DayLightPix said:
As a professional photographer, I can say it's definitely a fake. It's a good fake though.
How can I tell?
If you zoom in to the upper left corner, you'll see a sharp edge of a rectangle. On the upper right corner, you can see where the pated area didn't exatctly match.
Those kinds of sharp edges are to be found in any low-quality JPEG. (They are NOT to be expected to result from an intentionally blurred fake though--blur would typically be global.)
A useful exercise to try: use Google images find ANY JPEG photo of anything. Look really close for things that seem too perfect, or not perfect enough, or lined up oddly, or lit in a way you can't figure out... You'll ALWAYS be able to find something "suspicious." The trick is to find flaws that CANNOT happen by chance or compression. (And I've seen no such flaws mentioned in this image.) A variation: send any old photo to a friend and tell them it's a fake, and challenge them to find the things that prove it's a fake. They'll find something

Especially if the JPEG compression is severe.

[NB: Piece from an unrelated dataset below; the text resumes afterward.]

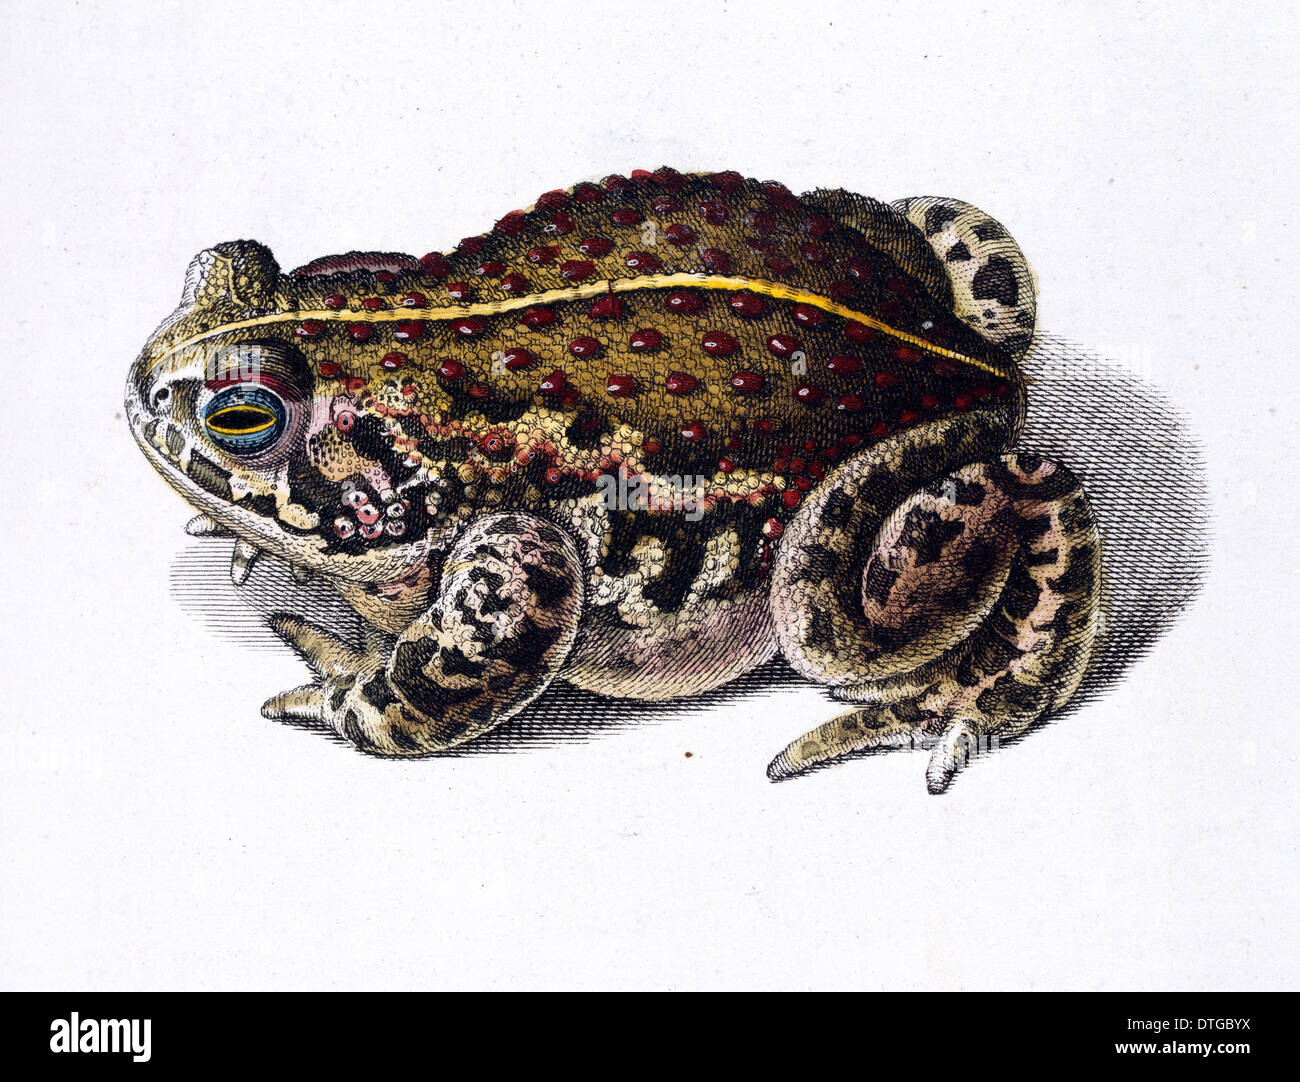 Toad illustration Stock Photo
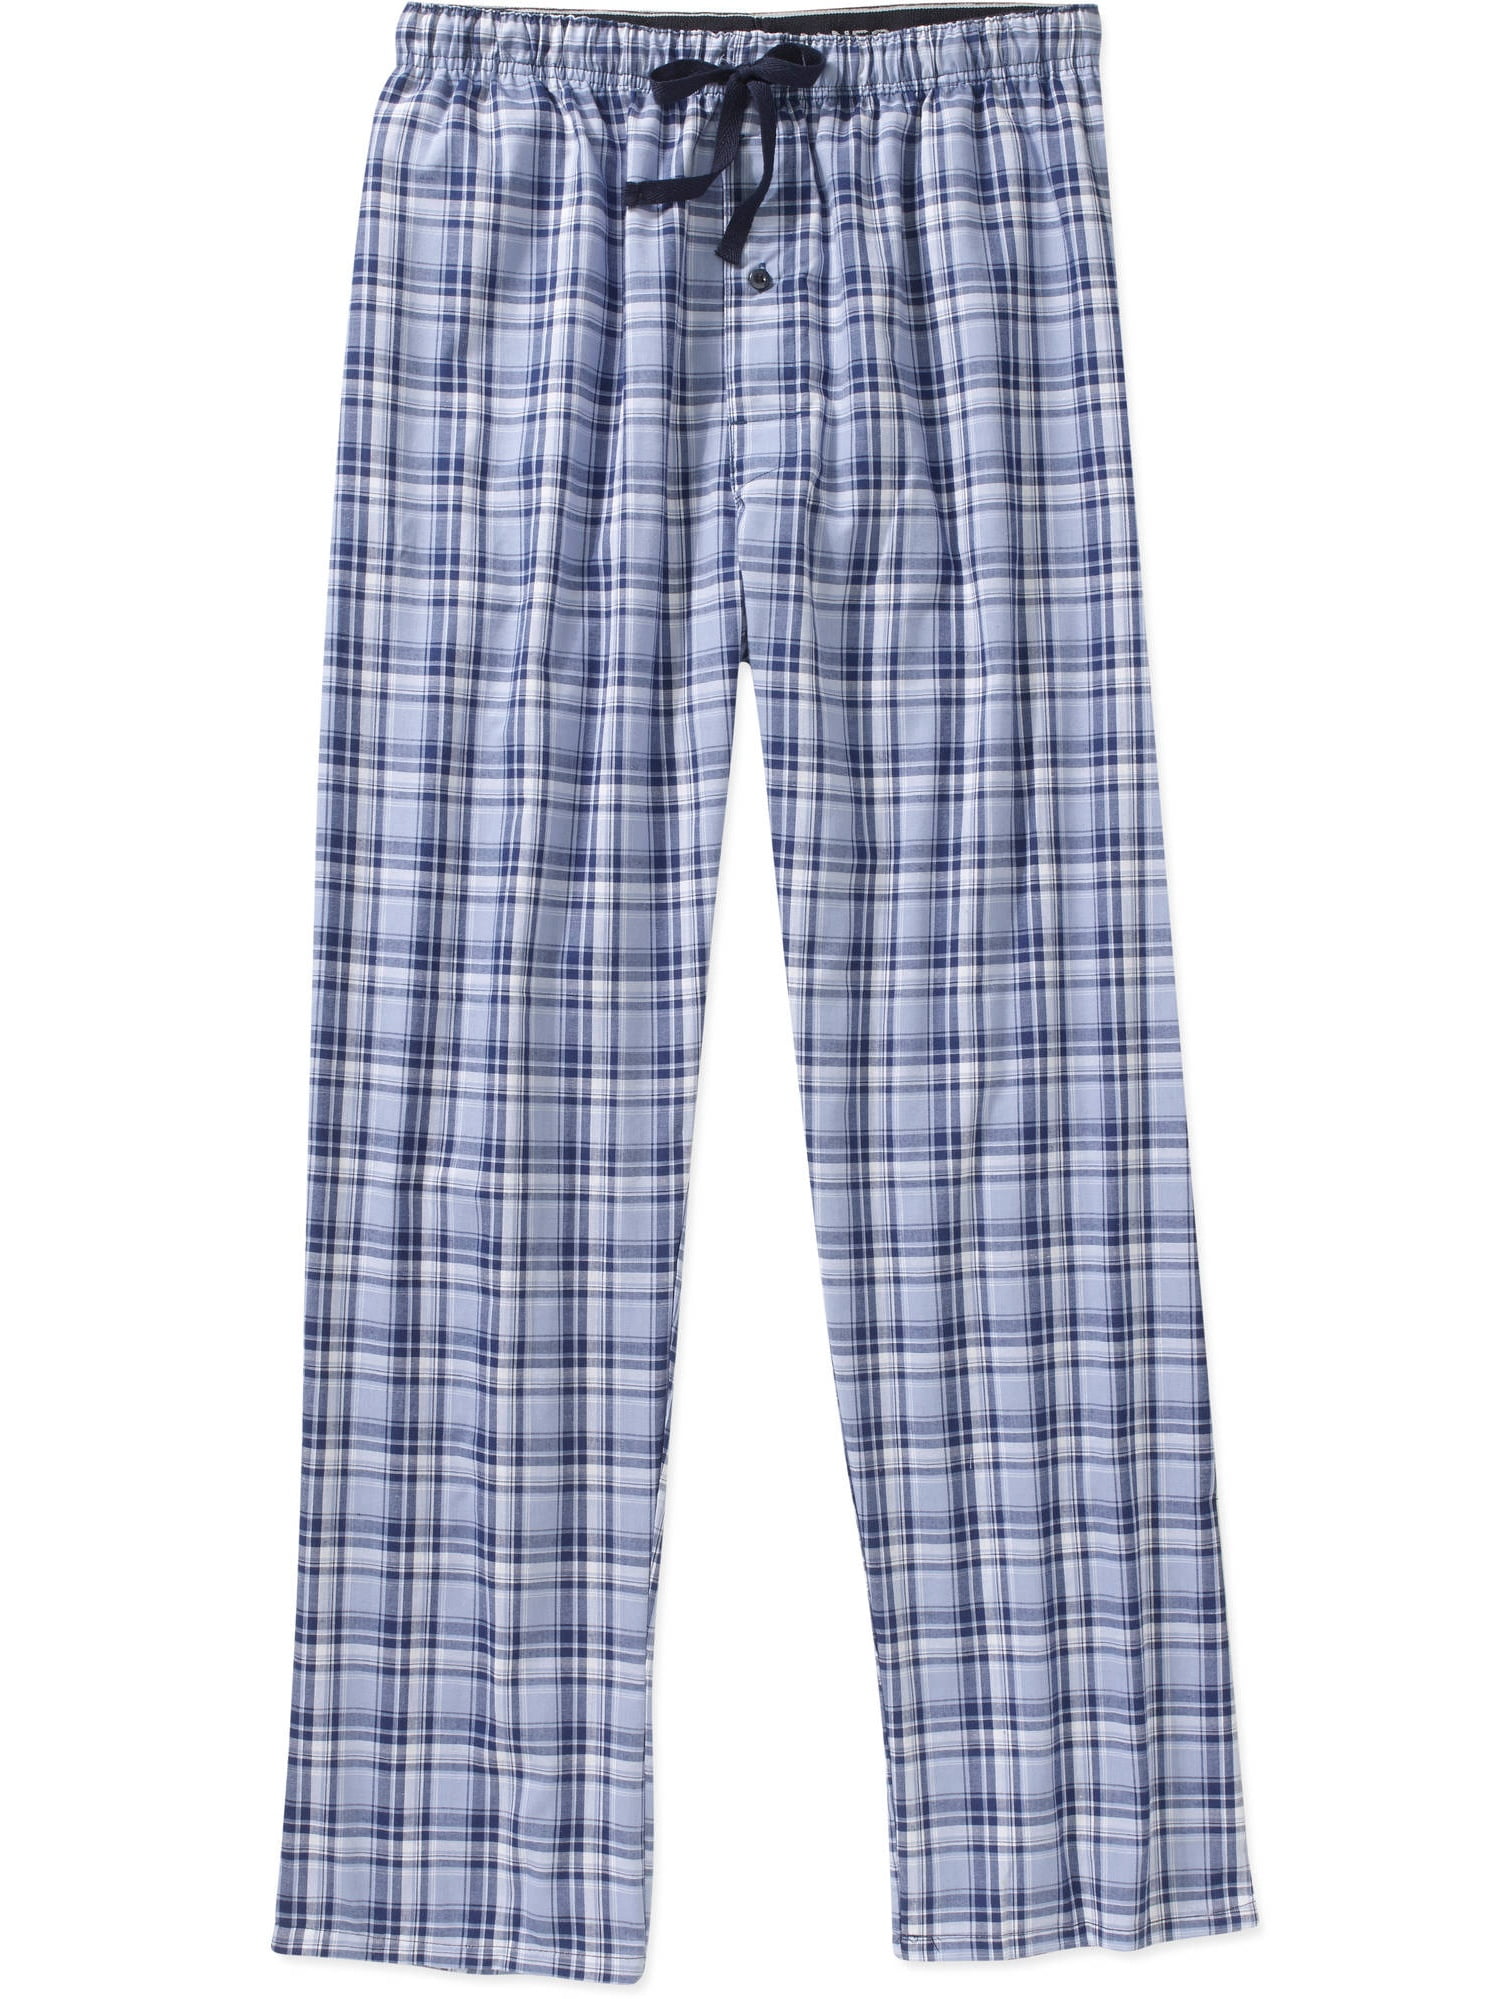 Hanes - Men's Woven Sleep Pant - Walmart.com - Walmart.com

An example is the bottom edge of today's iPod photo. People worry that it's different... but real life CAN make it different. (In fact, hold a 5G iPod different ways on different backgrounds and you'll see that the thick clear layer on an iPod can do lots of things.)
(I agree that the Chinese-by-a-non-Chinese-speaker is the most suspicious thing. But we don't know what led up to that photo so I still see no actual proof either way. I'm thinking about various convincing "proof" that last year's 5G image was a fake--when it was real.)
jwbrickner said:
It almost makes me not want to ever buy an iPod again because 4 months after I have its outdated. Apple shouldn't be so trigger happy with new products.
Never believe that any product comes with a promise that nothing better is coming.
And never forget that no matter what does or does not come, it doesn't make what you bought any different.
It's vital to Apple not sit on new technology for fear of "innovating too much." Their competitors don't sit on products that are ready, not if the market is there for them.